How do I know this output is good enough to ship when real teams will rely on it?

It’s tempting to answer that question with vibes: a handful of promising examples, a few internal demos, a feeling that it’s basically working. That might be fine for a low-stakes, fun AI experience. It’s not enough when your feature ships into real delivery workflows where trust, time, and reputation are on the line.

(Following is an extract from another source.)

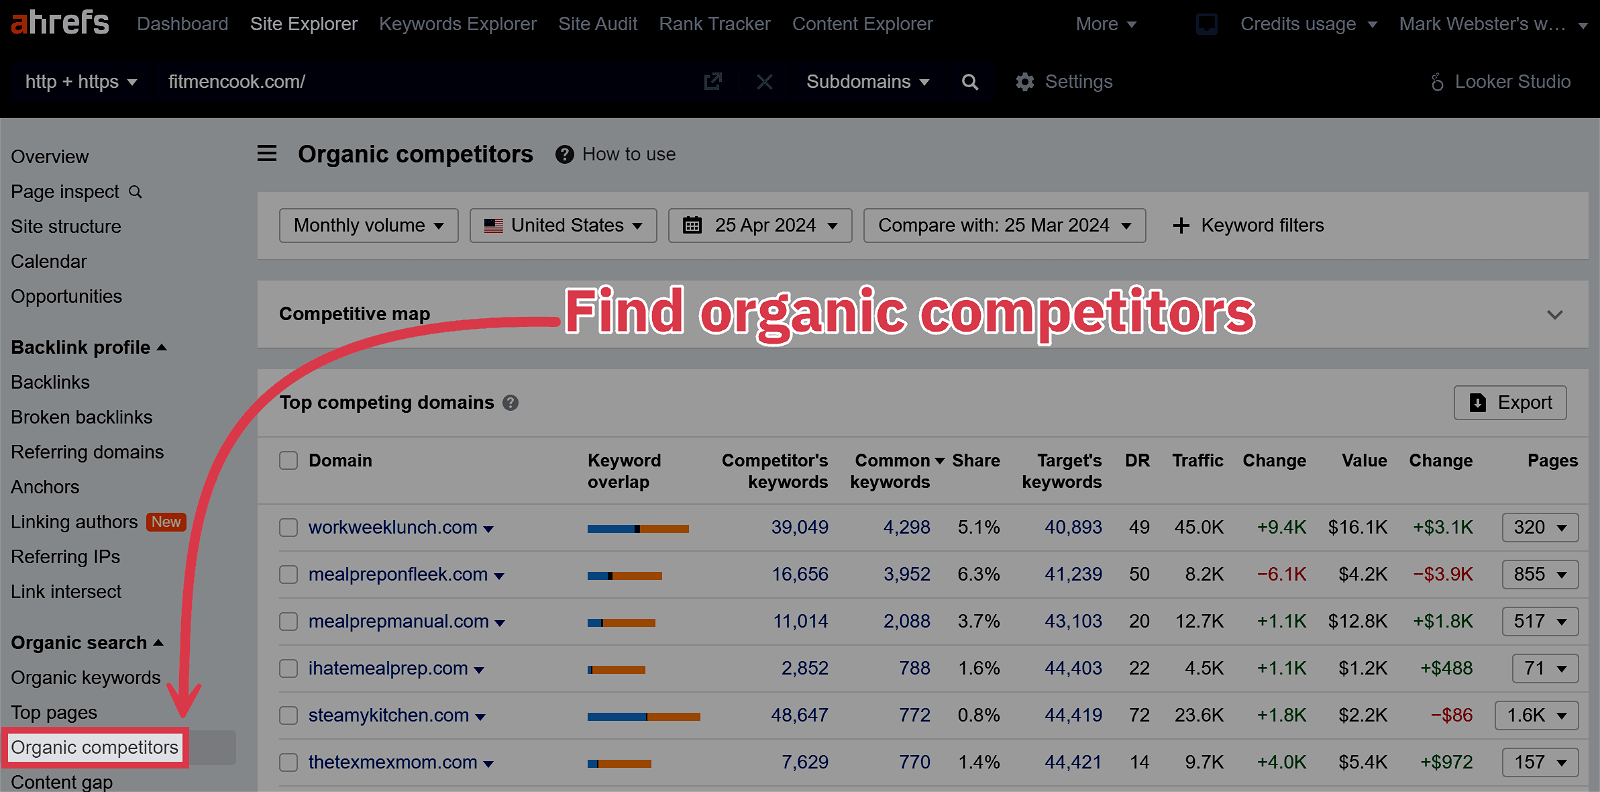 FitMenCook Organic Competitors

This practical guide is for PMs and product teams who are building AI features and want to move from this feels good to we have evidence this is good enough to ship. If you follow this process, you’ll end up with:

  • A clear definition of good enough grounded in user outcomes
  • An evaluation dataset that reflects real prompts and edge cases
  • LLM judges that reliably assess quality at scale
  • A data driven process that keeps your judgment, your evals, and real‑world quality in sync
(Guess what feature made this overview!)

What does good enough AI quality mean?

Good enough is not occasionally great. It means your AI produces outputs that are consistently useful for the real job your user is trying to do.

When this applies

This matters most when:

  • AI is used inside live projects, documentation, or planning workflows
  • AI outputs shape decisions (prioritization, summaries for executive teams, etc.)
  • Recovering from a bad output has a real cost: time, credibility, or delivery risk

Guardrails

  • Don’t define quality as no obvious hallucinations.
  • Don’t measure success only by time saved or usage if those gains come at the cost of trust.
  • Don’t rely on a couple of polished examples to stand in for real‑world behaviour.

From here, everything you build: rules, datasets, judges, should tie back to this definition.

Before we start – what is a prompt?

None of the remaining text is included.